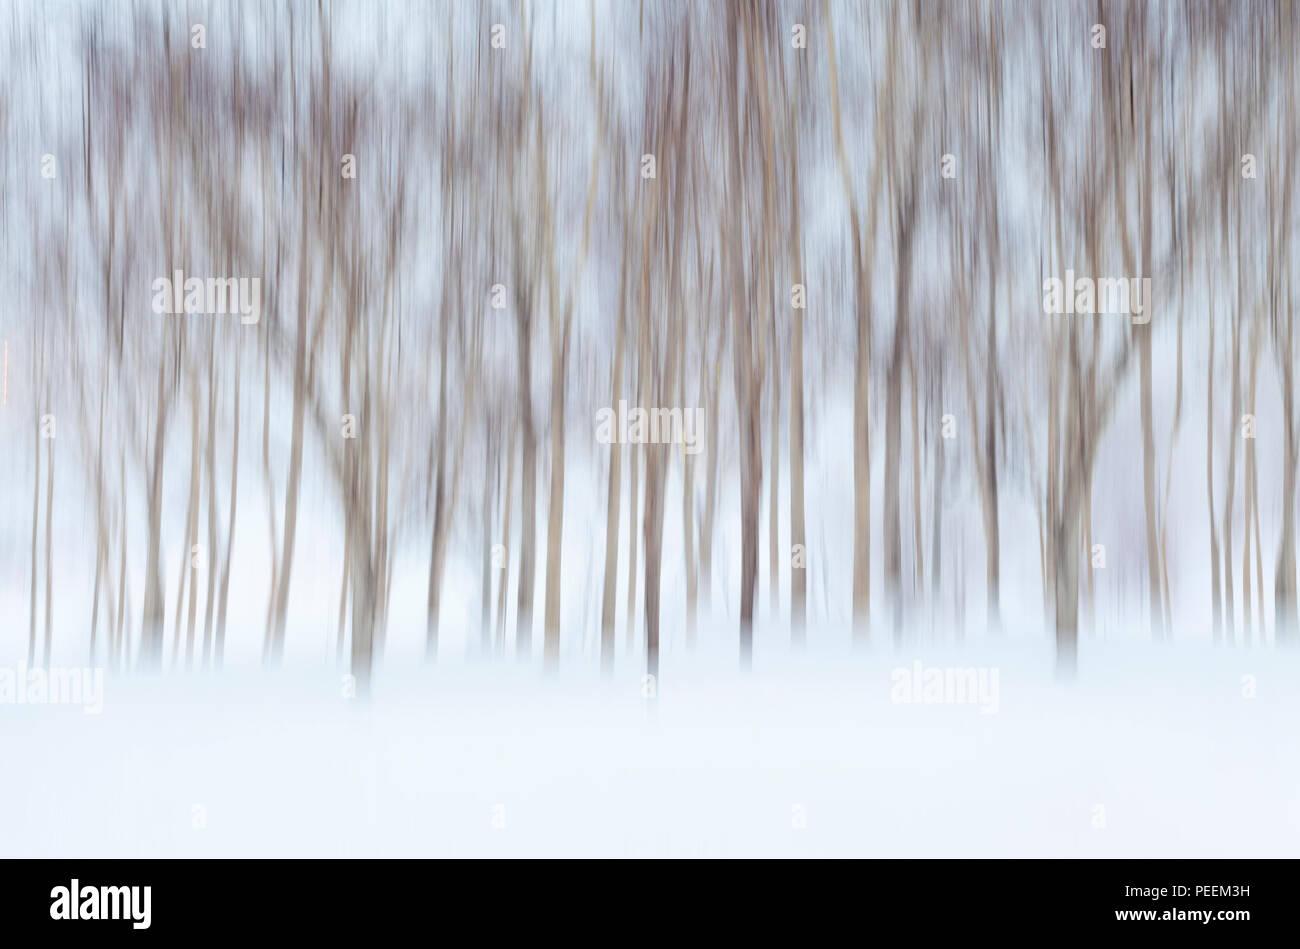 Abstrakte winterliche Hintergrund mit Bewegung verwischt Birken und Schnee Stockbild
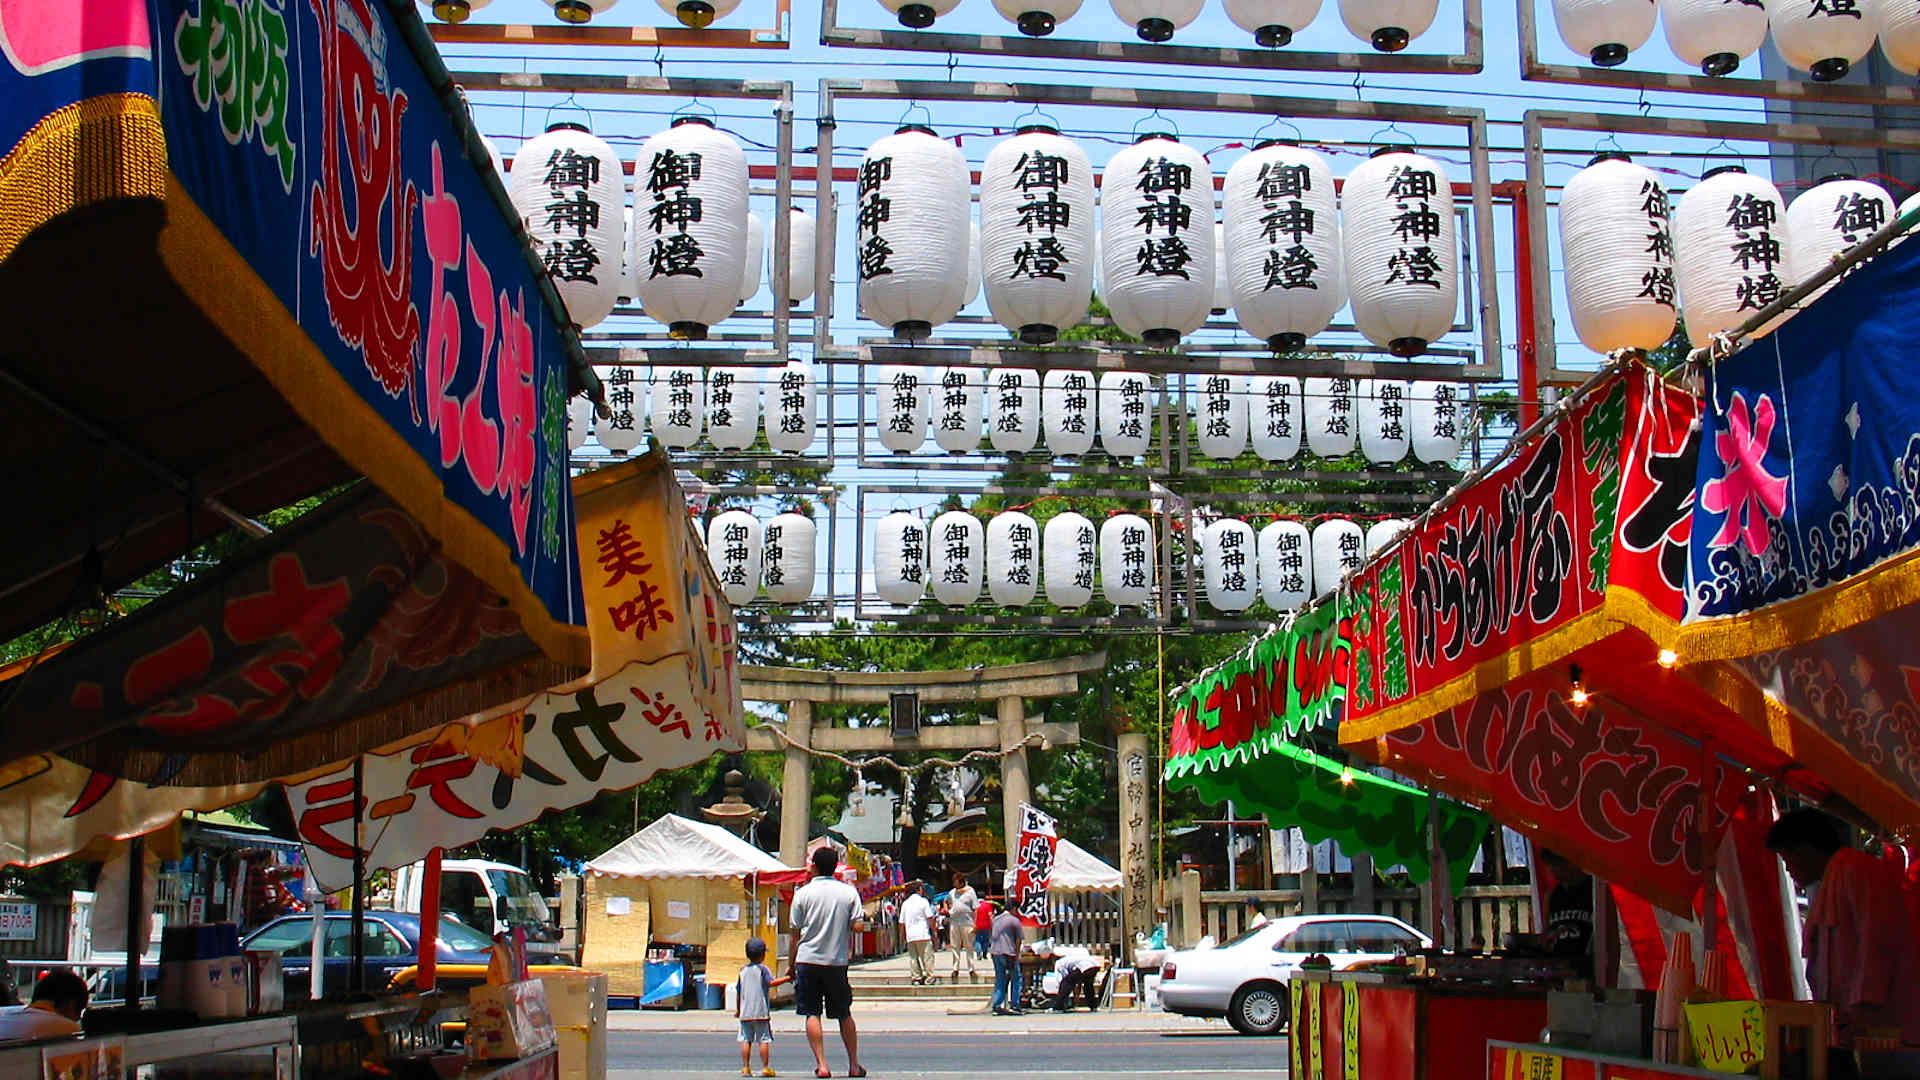 海神社夏祭り2017 茅の輪くぐりと万燈祭
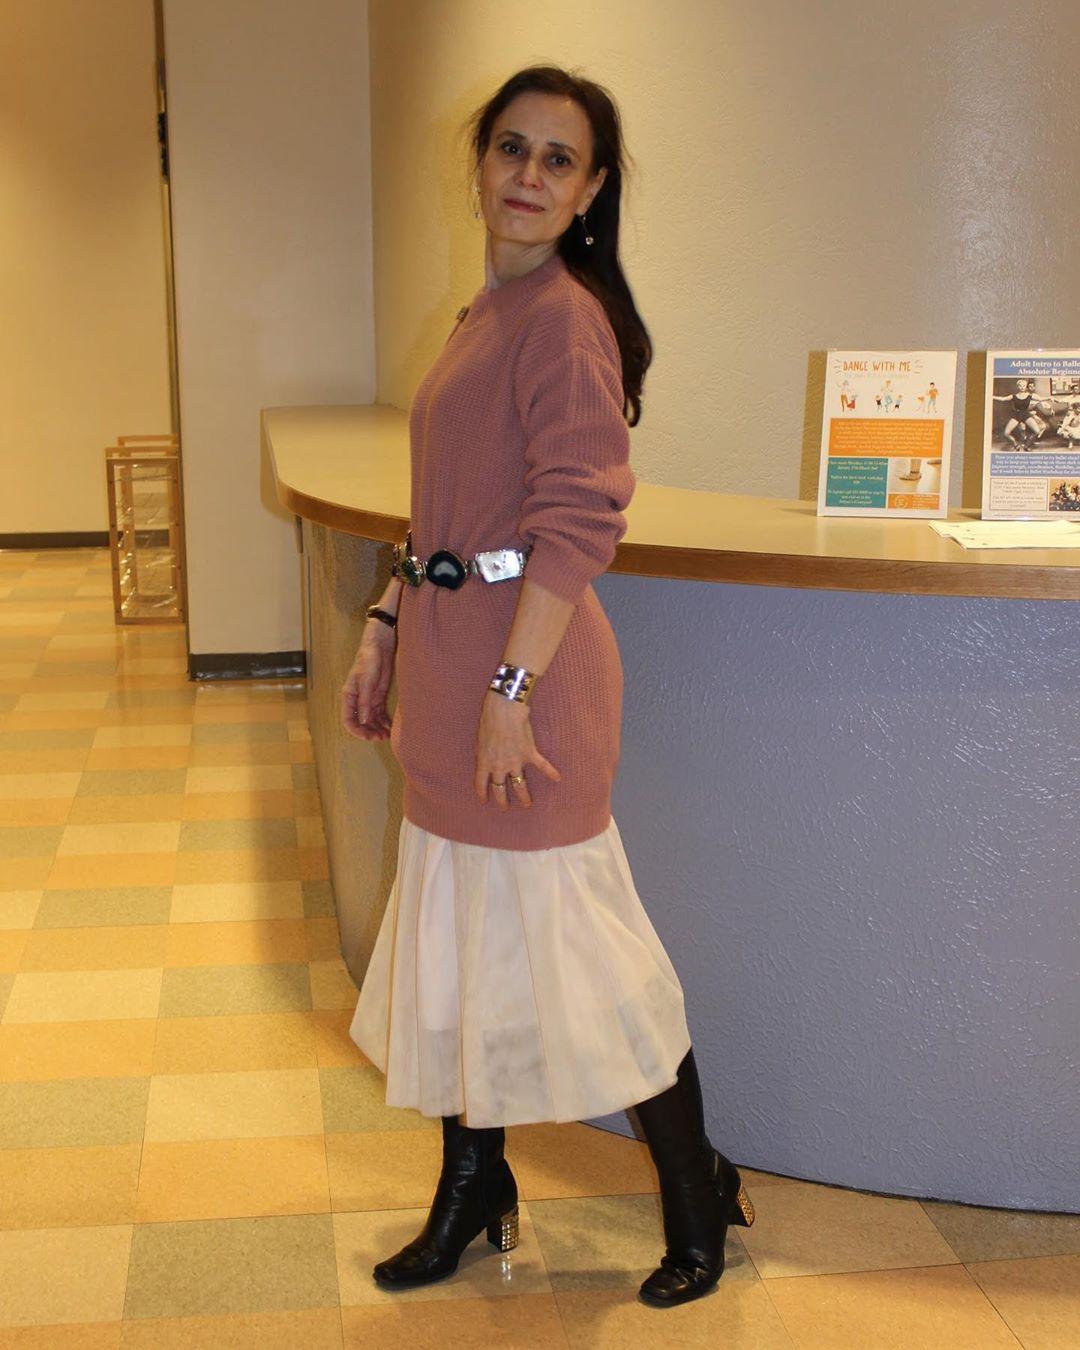 Highlatitudestyle Fashionblogger Styl Fashionblogger - Knit Dress

============================================================

§ **TASK REQUIREMENTS**: Copy out the listing above in full and leave out its pictures.

§ **ANSWER SPACE**:
 Abstrakte winterliche Hintergrund mit Bewegung verwischt Birken und Schnee Stockbild
 海神社夏祭り2017 茅の輪くぐりと万燈祭
 Highlatitudestyle Fashionblogger Styl Fashionblogger - Knit Dress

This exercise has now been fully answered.